The model was parameterized and fitted within a Bayesian framework allowing us to take into account uncertainty in the parameters and fitting data by defining prior ranges of parameter values and fitting outcomes, from Baltimore where possible, or from other US MSM studies otherwise (Tables S1 and S2, Supplemental Digital Content, https://links.lww.com/QAI/B449). The CDC's National HIV Behavioral Surveillance (NHBS) cross-sectional surveys conducted among MSM in Baltimore in 2004, 2008, and 201113,27 were used to inform sexual behaviour and condom use parameters, the relative HIV testing rate of each age/race group, and to estimate ranges for the proportion of MSM within these groups and their HIV prevalence over time, which the model is fitted to. Maryland Department of Health data for Baltimore City3,28 were used to estimate fitting ranges for levels of linkage to care and viral suppression in each race group. The model was also fitted to CDC state-level data on HIV diagnosis levels (see Figure S6 and Table S2, Supplemental Digital Content, https://links.lww.com/QAI/B449), and ART coverage, using data from a Baltimore MSM NHBS substudy that tested stored sera for antiretrovirals. Overall HIV testing rates were varied to fit CDC diagnosis data (Supplementary Information, Supplemental Digital Content, https://links.lww.com/QAI/B449). Race-specific rates of linkage to and dropout from care, ART initiation, adherence, and dropout came from other US studies (Tables S1 and S2, Supplemental Digital Content, https://links.lww.com/QAI/B449).29–33
Main partners were committed partners (eg, husbands), casual partners were not committed to or not known very well, and commercial partners were those with whom money or drugs were exchanged for sex.34 In line with NHBS data, the number of new casual and commercial partners in the model decreased linearly over time until 2011 (see Table S1 and Figure S4, Supplemental Digital Content, https://links.lww.com/QAI/B449, respectively), but the number of sex acts per casual or commercial partnership increased to maintain a constant proportion of recent sex acts with main, casual, and commercial partners, in agreement with NHBS data (see Figure S5 and Table S1, Supplemental Digital Content, https://links.lww.com/QAI/B449).
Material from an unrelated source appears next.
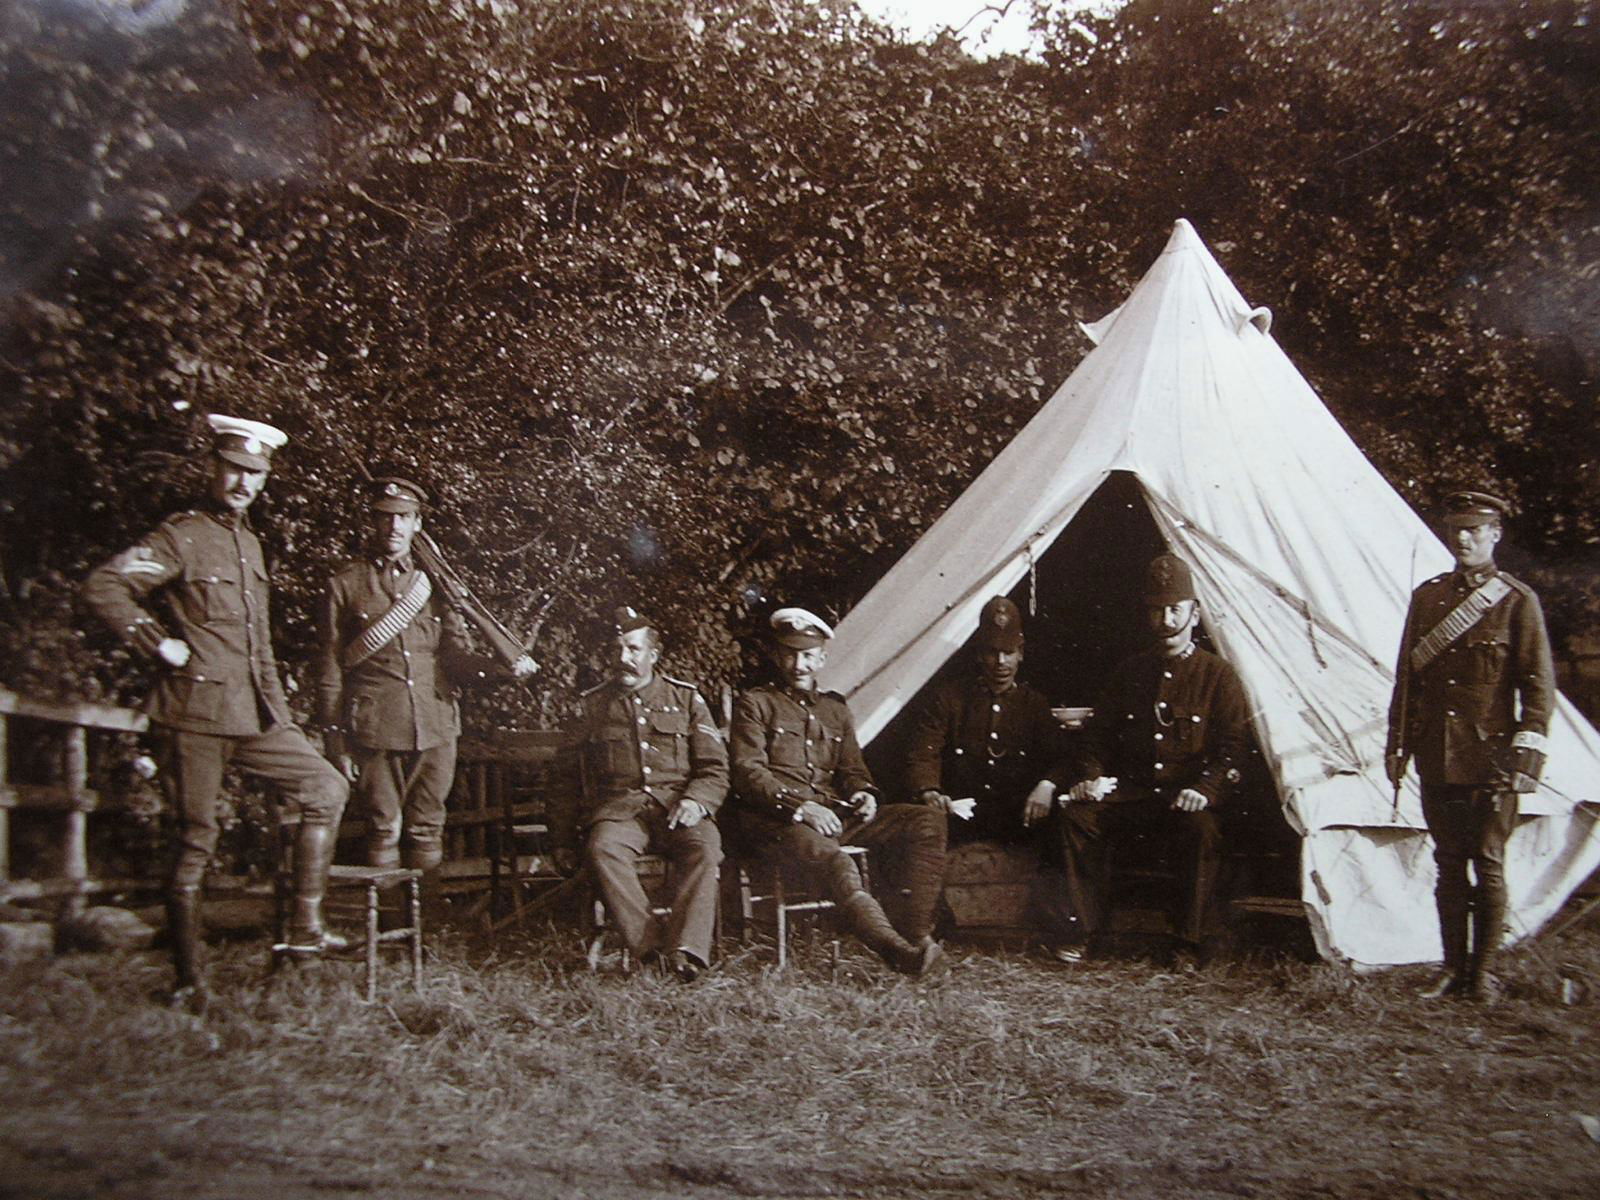 Quarter Guard tent with a 'C' Squadron (Australasian) Corporal and two Trooper of the King’s Colonials guarding ‘prisoners’ (two Buckinghamshire and Hertfordshire policemen and a Royal Army Medical Corps Corporal) at Latimer Camp in 1903. The King’s Colonial’s Trooper on the far right is wearing a cloth band with RMP for Regimental Military Police around his lower left sleeve cuff.
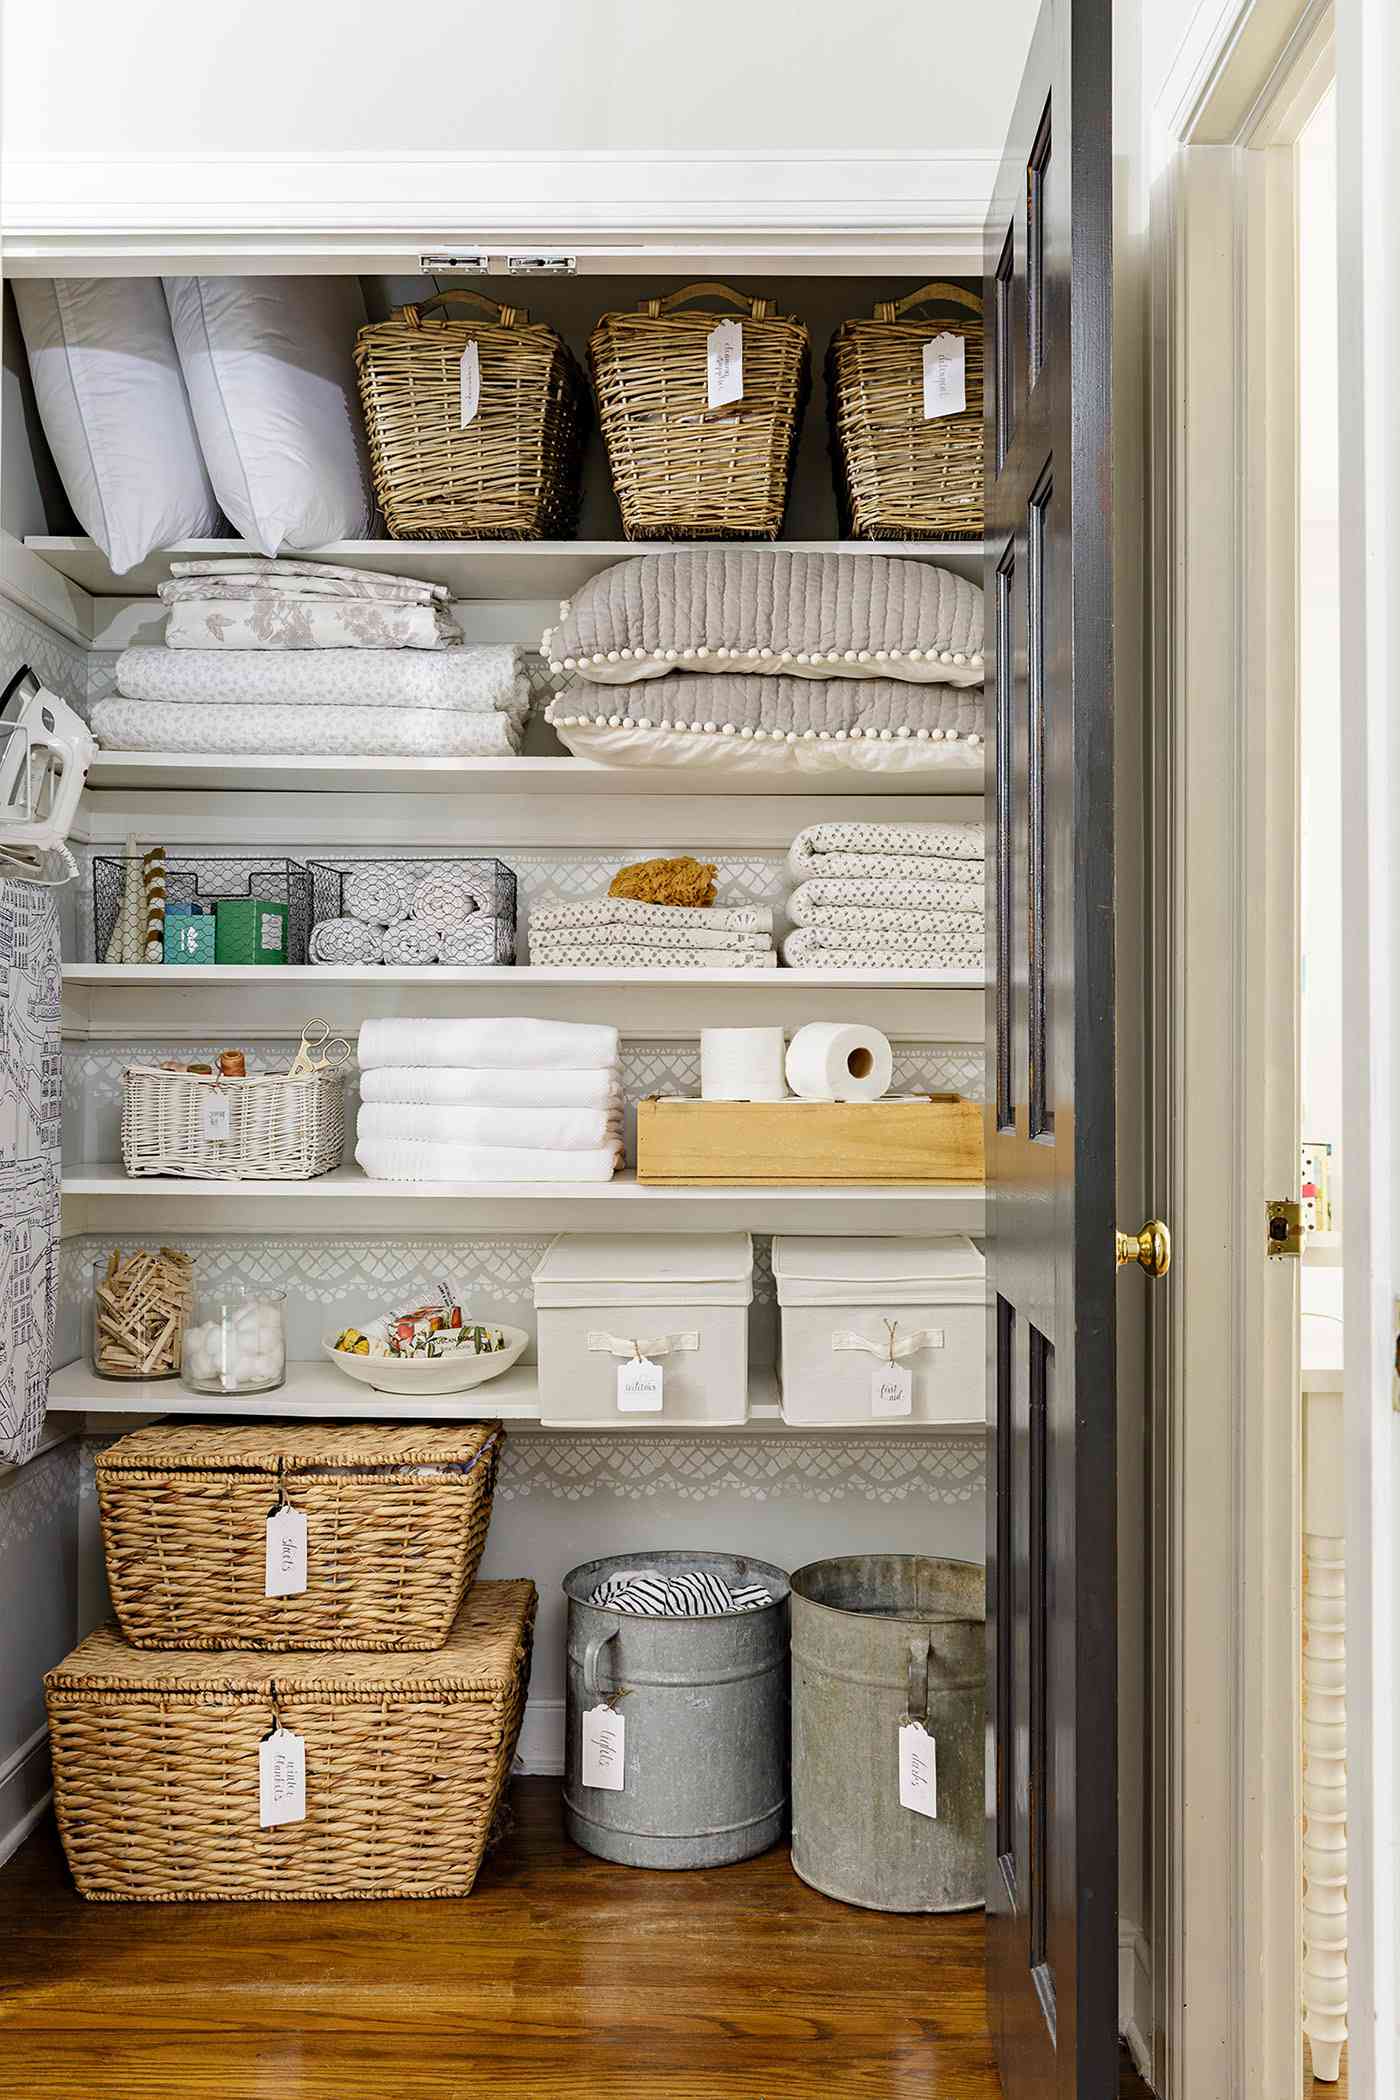 linen closet organized with bins and baskets

Condom use increased over time until 2009, then plateaued, with around 61% of acts being condom-protected from 2010, but was higher among black MSM with their main partners, and during casual sex (see Figure S7, Supplemental Digital Content, https://links.lww.com/QAI/B449). Sexual mixing in the model was moderately assortative by age and strongly assortative by race as suggested by NHBS data. All sexual behaviour parameters remained at similar levels from 2011 to 2017 (see Figure S7 and Table S7, Supplemental Digital Content, https://links.lww.com/QAI/B449).
Biological parameters and intervention efficacies were derived from the published literature, where possible from MSM populations. Condom use was assumed to reduce the probability of transmission per sex act by between 58% and 79%,35 and achieving full viral suppression on ART to reduce the per-sex-act transmission probability by 99%–100% (see Table S1, Supplemental Digital Content, https://links.lww.com/QAI/B449).4 ART was introduced in the model in 1996 among HIV+ MSM, and changes in eligibility by CD4 count were informed by national ART guidelines (see Supplementary Information, Supplemental Digital Content, https://links.lww.com/QAI/B449). Because different data sources provided conflicting estimates of viral suppression levels, the model was fitted separately to data on ART coverage (from the NHBS sera study) and to Department of Health viral suppression data, while simultaneously fitting to all HIV prevalence, demography, and diagnosis data.
A Latin hypercube sample of the parameters was drawn from their prior ranges, and a total of 118 different parameter combinations (baseline “model fits”) were found to produce outcomes falling within each of the fitting data uncertainty bounds described above and represented our baseline scenario. We report the median and 95% uncertainty interval (UI, 2.5 and 97.5th percentiles) of model outcomes across all 118 fits.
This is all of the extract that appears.